Rafael Trejo. Foto: Archivo

Cuando  Rafael  Trejo  llegó  muerto  a  su  casa,  las  mujeres  le  hicieron  la  primera guardia  de honor.  Allí  estuvieron,  sucesivamente,  Flora  Díaz  Parrado,  Ofelia  Rodríguez  Acosta,  Ofelia Domínguez,  Loló  de  la  Torriente,  Teté  Casuso,  sus  compañeras  de  la  Universidad,  grupos  de normalistas, innumerables mujeres del pueblo.

Luego vino la incertidumbre del entierro y la formidable expectación en toda la Habana, de la que algún día hablaré.

Flora  Díaz  Parrado  se  acercó  a  Prío  y  a  Rubén  León,  cuando  llegó  el  ataúd  a  la  puerta  del cementerio,  y  les  pidió  que  dejaran  que  fuera  cargado  por  cuatro  mujeres.  Los  muchachos  estimaron  muy  bien  que  esto  era  un  homenaje  más,  y  lo  concedieron,  cargando  con  la  caja  la propia  Flora  Díaz  Parrado,  Ofelia  Rodríguez  Acosta,  Ofelia  Domínguez  Navarro  y  otra,  cuyo nombre no he podido averiguar, pero que según me han dicho, había sido maestra de Felo Trejo.

Dos mujeres hablaron sobre el hoyo en que enterraron a Trejo. Una Lilliam Ojeda, estudiante de ingeniería, casi con un arrebato de locura, dijo cosas precipitadas, incoherentes, insultantes a ratos,  influenciado  su  temperamento  nervioso  por  el  momento  inaudito.  La  otra,  Ofelia  Domínguez, para calmar la tremenda agitación de los ánimos, en lo que yo pienso que hizo mal, porque  el  entierro  de aquel  muchacho  exigía un nuevo y numeroso desplome, una lección  más dura aún en enseñanza de que los derechos hay que arrancarlos.

LA BANDERA

Después que el clamor gigantesco del asesinato de Trejo y de que la imponente expectación del  entierro  pasaron  sin  que  plasmaran  los  grandes  acontecimientos  revolucionarios  de  que  parecían ser  prólogo,  Loló  de  la  Torriente  pensó  que  el  ánimo  popular  tan  duramente despertado,  no podía dejarse adormecer con  esperanzas vagas, y que  era necesario aprovechar, de todas maneras, la sangre vertida en la calle por el estudiante muerto.

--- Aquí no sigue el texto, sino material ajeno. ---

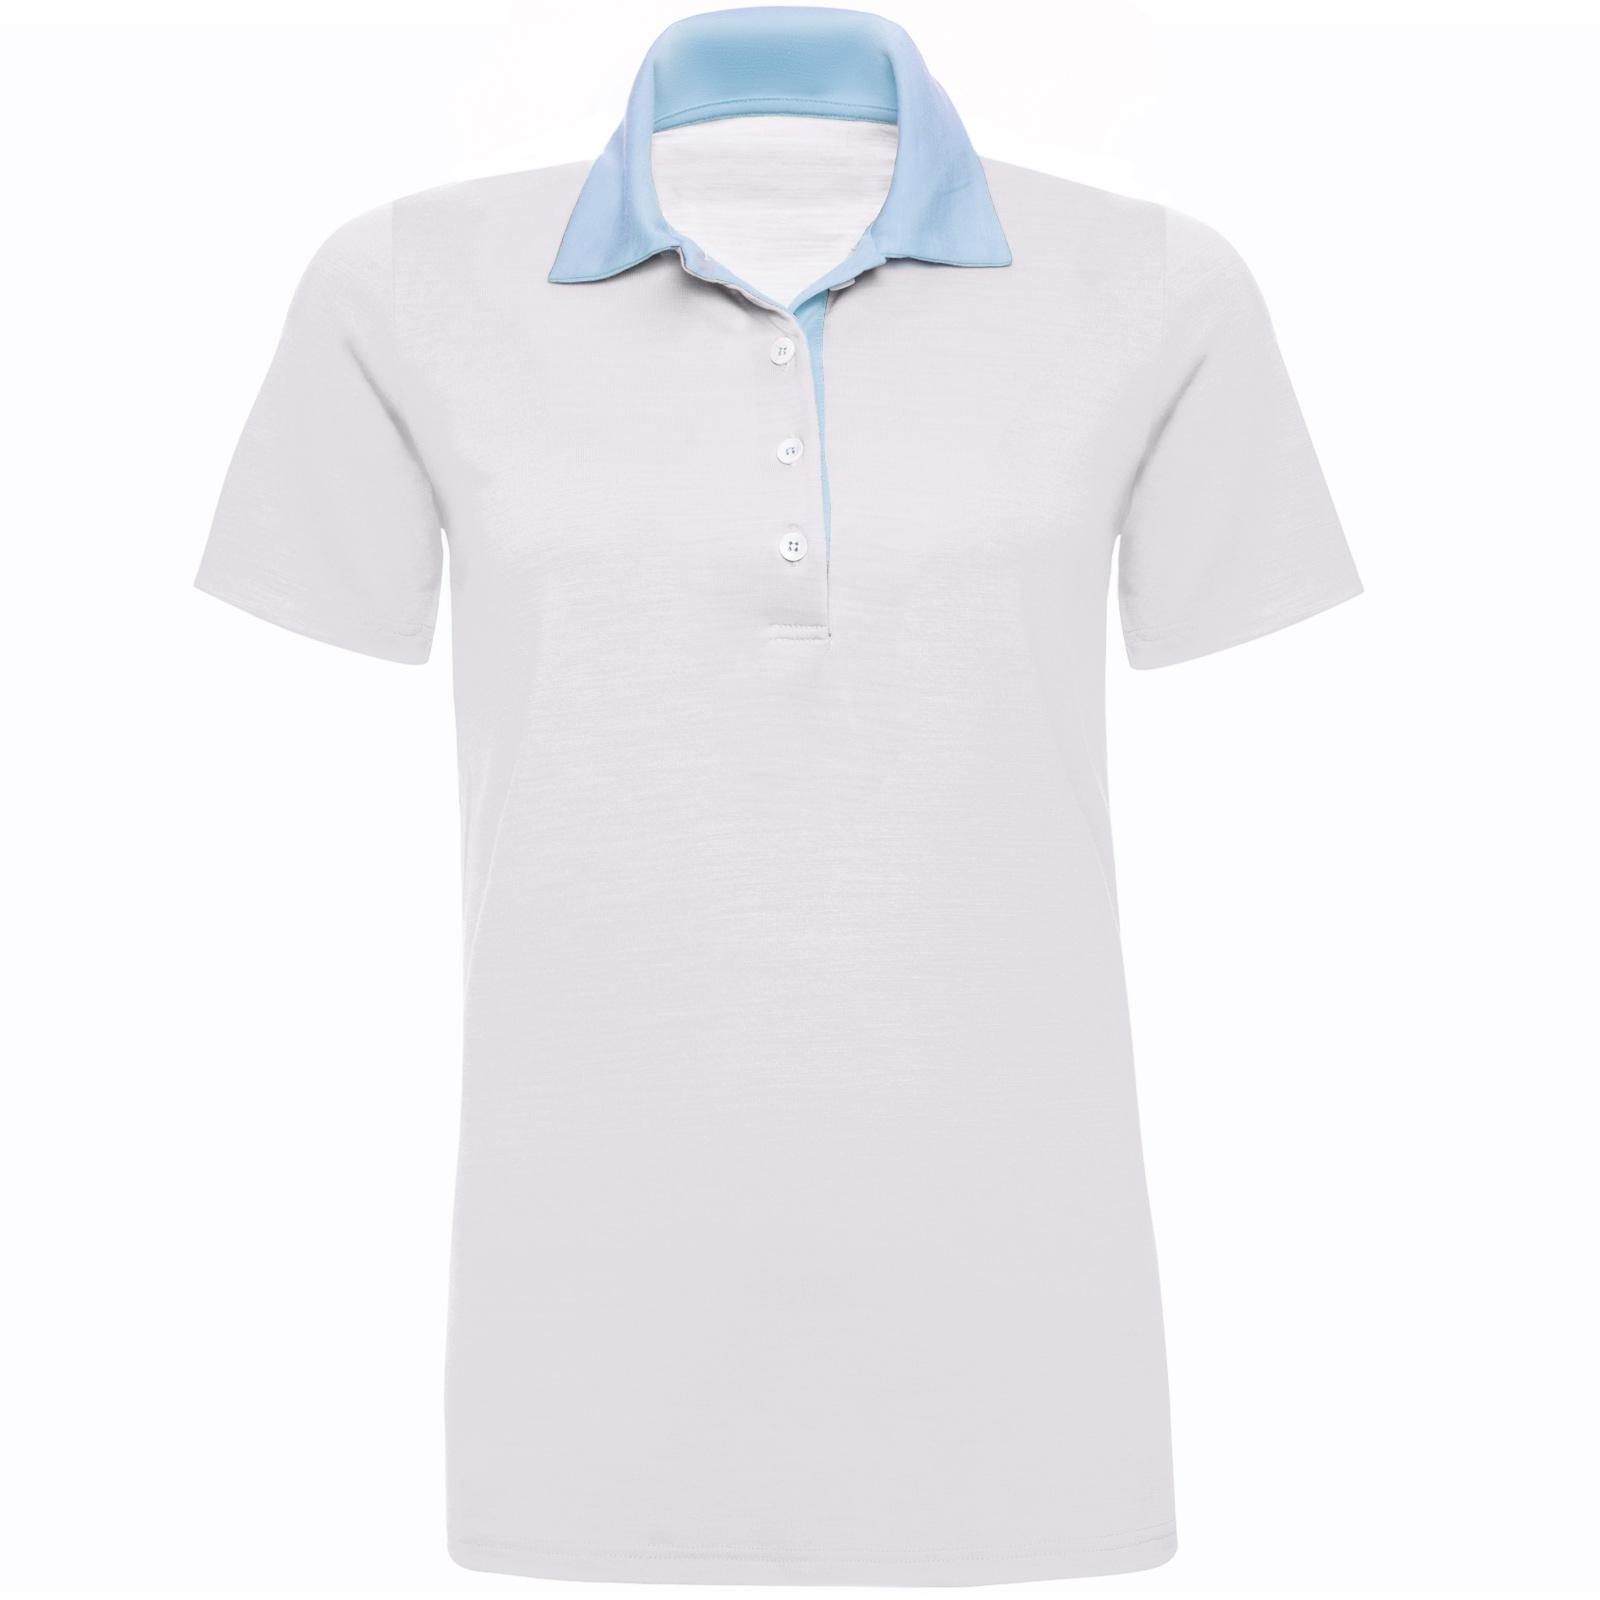 URBAN LIMITED Merino Poloshirt Damen Kurzarm Regular 200 Sand XS

Ya el indomable ardor  de  Julio  Antonio  Mella  lo  había  exigido:  era  necesario  ser  útiles  hasta  después  de  muertos; servir de trinchera y  de bandera. Era necesario  que  el  recuerdo permaneciera violento  y  que  el  nombre del joven compañero, vibrara en la imaginación de todos como el eco de una grande  y  poderosa  voz  irritada.  Era  necesario  exigirle  que  se  quedara  vivo  después  de  muerto,  que  no descansara, que penetrara en todas las casas, agitara el impulso de todas las rebeliones y evitara,  precipitando  los  acontecimientos, el  derramamiento  de  nueva  sangre  en  un  nuevo  y  generoso  intento de rebeldía.